Strategic Advantages for Realty Income and their Shareholders:

  • Assets of Realty Income and Spirit will form under one portfolio, increasing revenue. The combined portfolios will increase annualized contractual rent from US$3.8bn to US$4.5bn, a significant rise in revenue.
  • Further, the combined portfolio will benefit Realty Income in terms of reduced rent concentration for nine of its top ten industries. This will ensure diversity across different industries, meaning it won’t rely as heavily on just a few, increasing long-term stability.
  • As Realty Income is a real estate investment trust (REIT), they pay most of their income as dividends to their shareholders. Increased rental revenue and significant AFFO per share accretion benefits shareholder as their dividends will rise.

Strategic Advantages for Spirit Realty Income:

  • This deal increases the scale at which Spirit operates at. Their portfolio
    previously consisted of just 2,064 properties, significantly less than the over 13,100 of Realty Income. They become part of a much larger and more established entity with a dominant market presence.
  • Spirit shareholders may see an increase in their stock price through the benefits of this merger. This could prove a favourable exit strategy, allowing investors to realize on their investments.

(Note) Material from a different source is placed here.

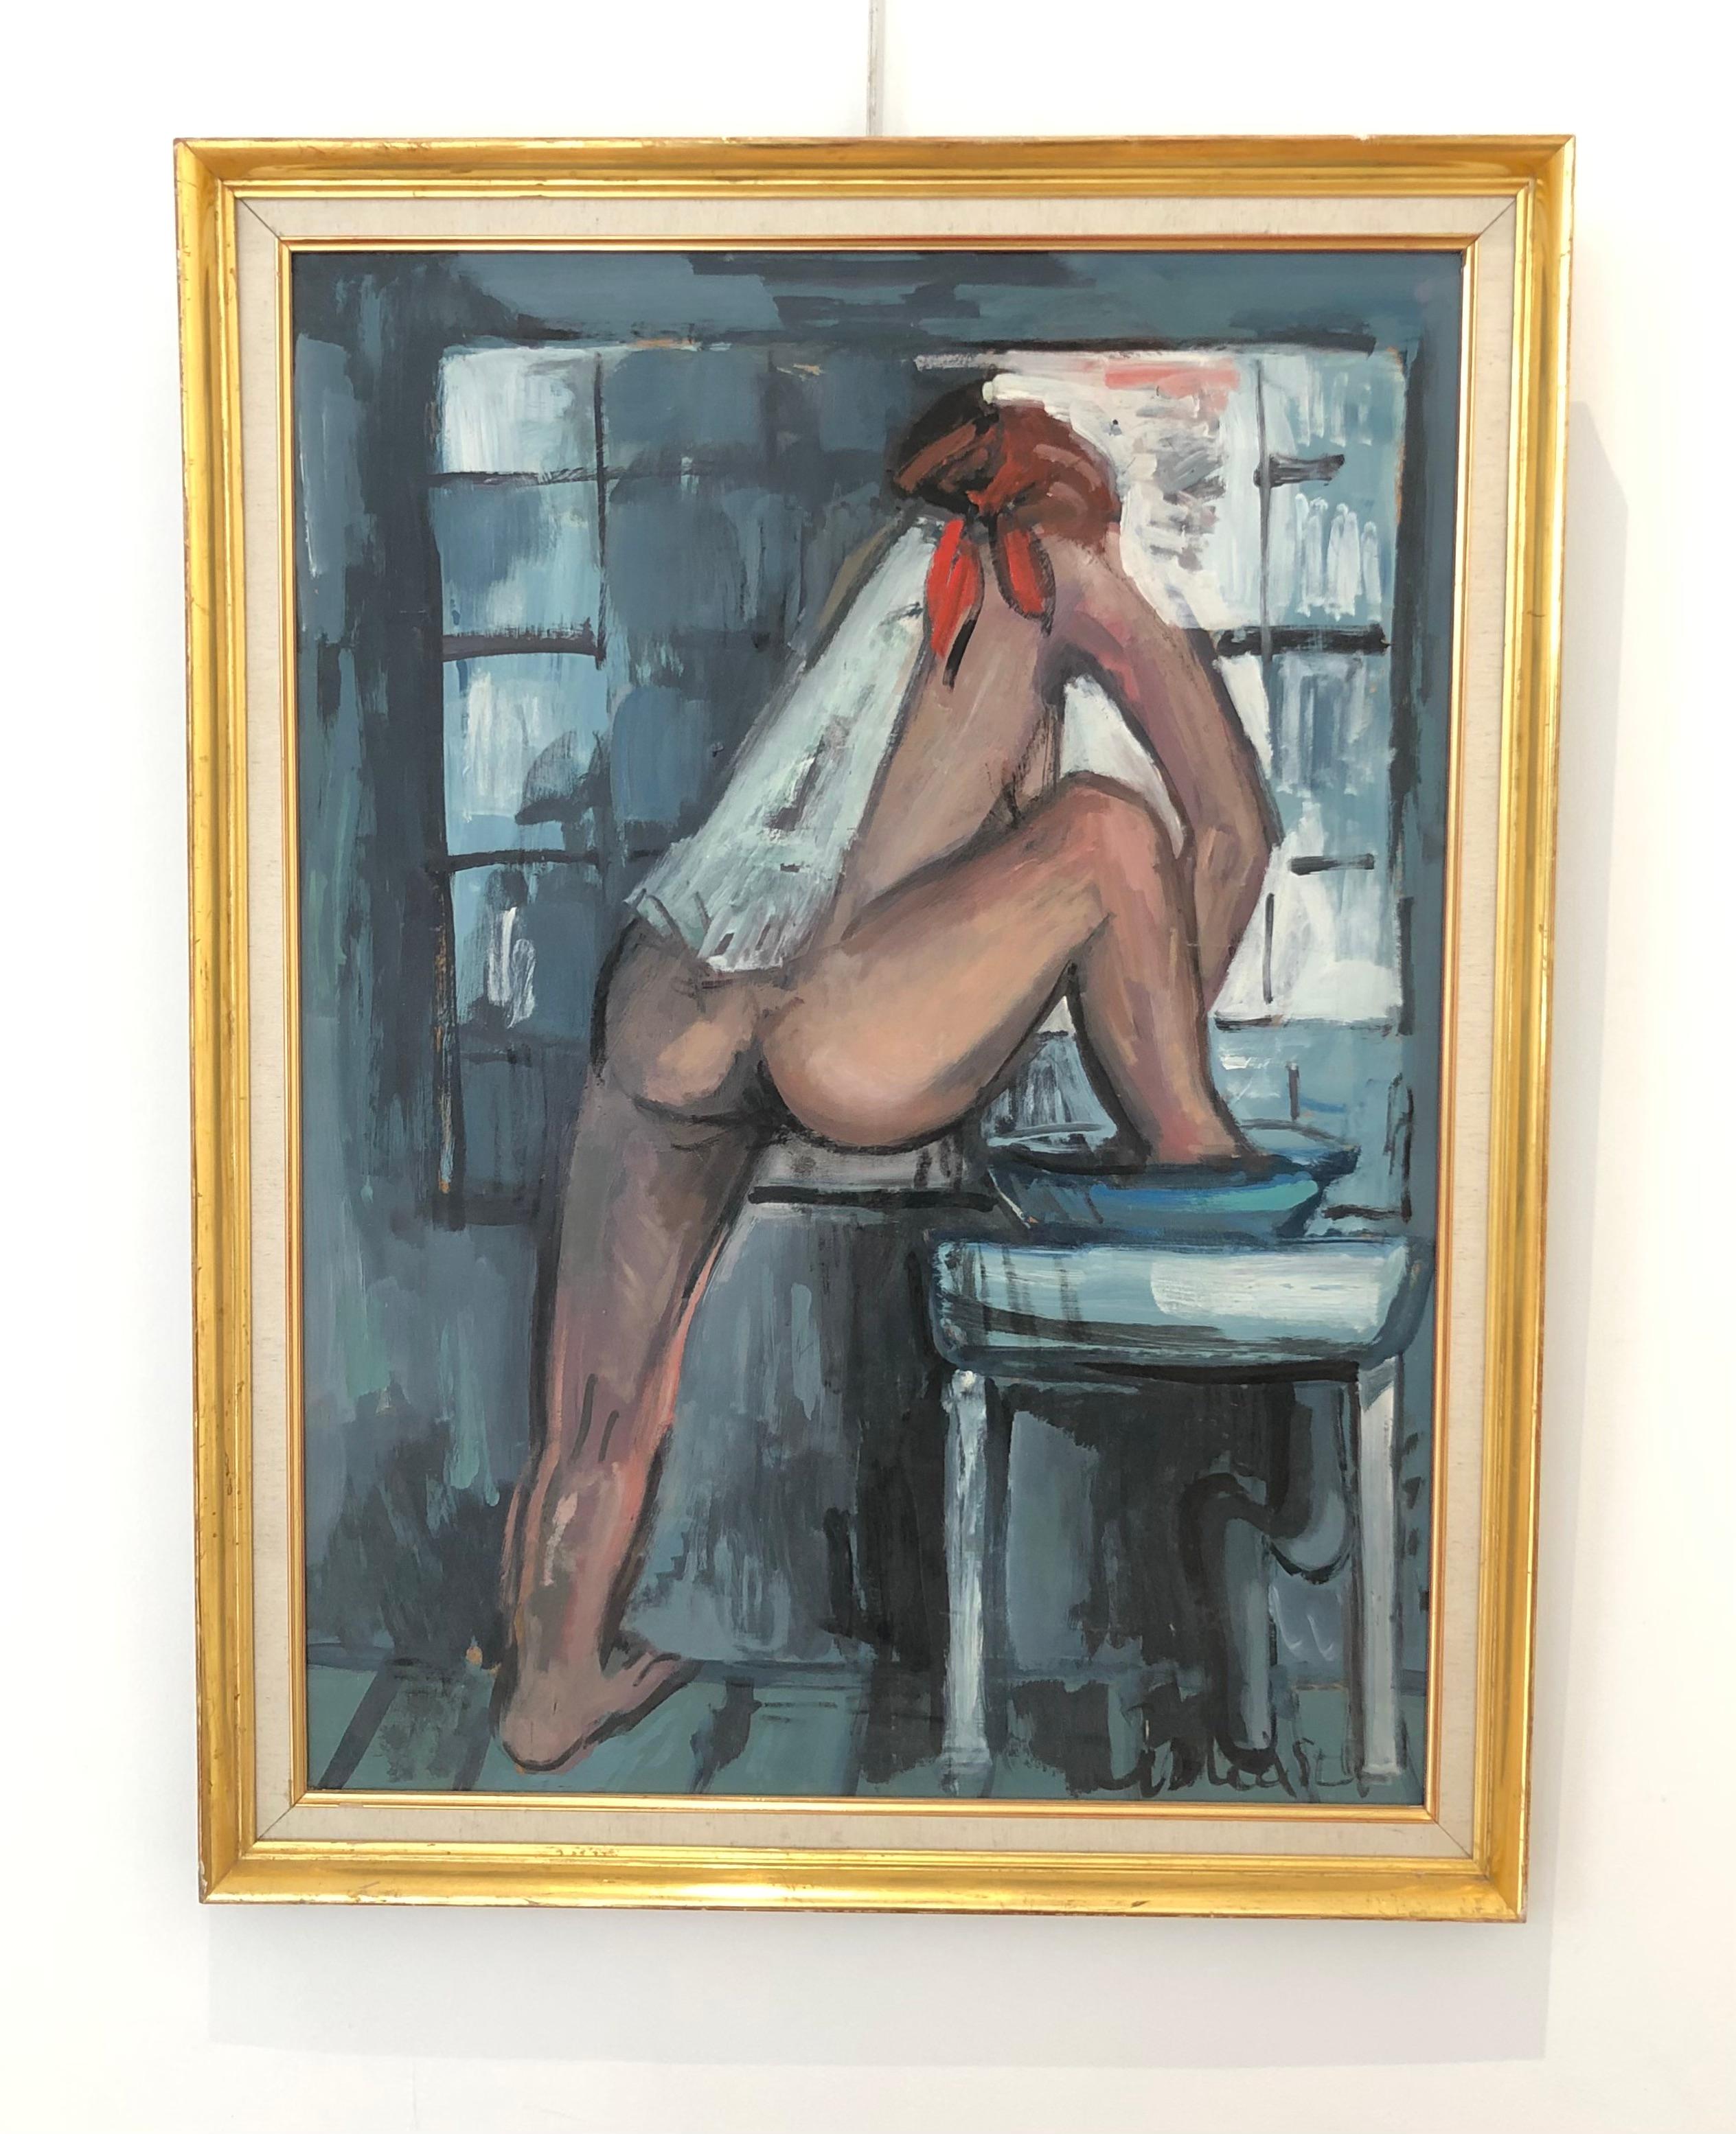 The toilet - Painting by William Goliasch

Competitive Edge for the Combined Entity:

  • Increased scale, diversification and stronger market presence. Can also benefit from economies of scale and spread costs over more properties.

Impact on Real Estate Market:

  • May lead to higher valuations of properties within the combined entities portfolio. Due to its scale, diversification and role as a market leader.
  • Increased competitive pressure on smaller REITs and private investors. Could lead to the new entity offering more attractive lease terms to tenants due to their improved operational efficiency.

Impact on REIT sector:

  • May increase borrowing costs for smaller REITs as they perceive them as risker than the combined entity.
  • Investors may choose to invest into more diverse REITs and focus on dividend reliability when choosing where to invest.

To conclude, this merger improves Realty Income’s scale, diversification and market position. It has strong benefits for shareholders as increased revenues will likely see increased dividends paid. The overall impact on the real estate market is a growing pressure on smaller REITs and private investors, as they struggle to compete with the combined entities operational efficiency. This may lead to reduced competition in the future.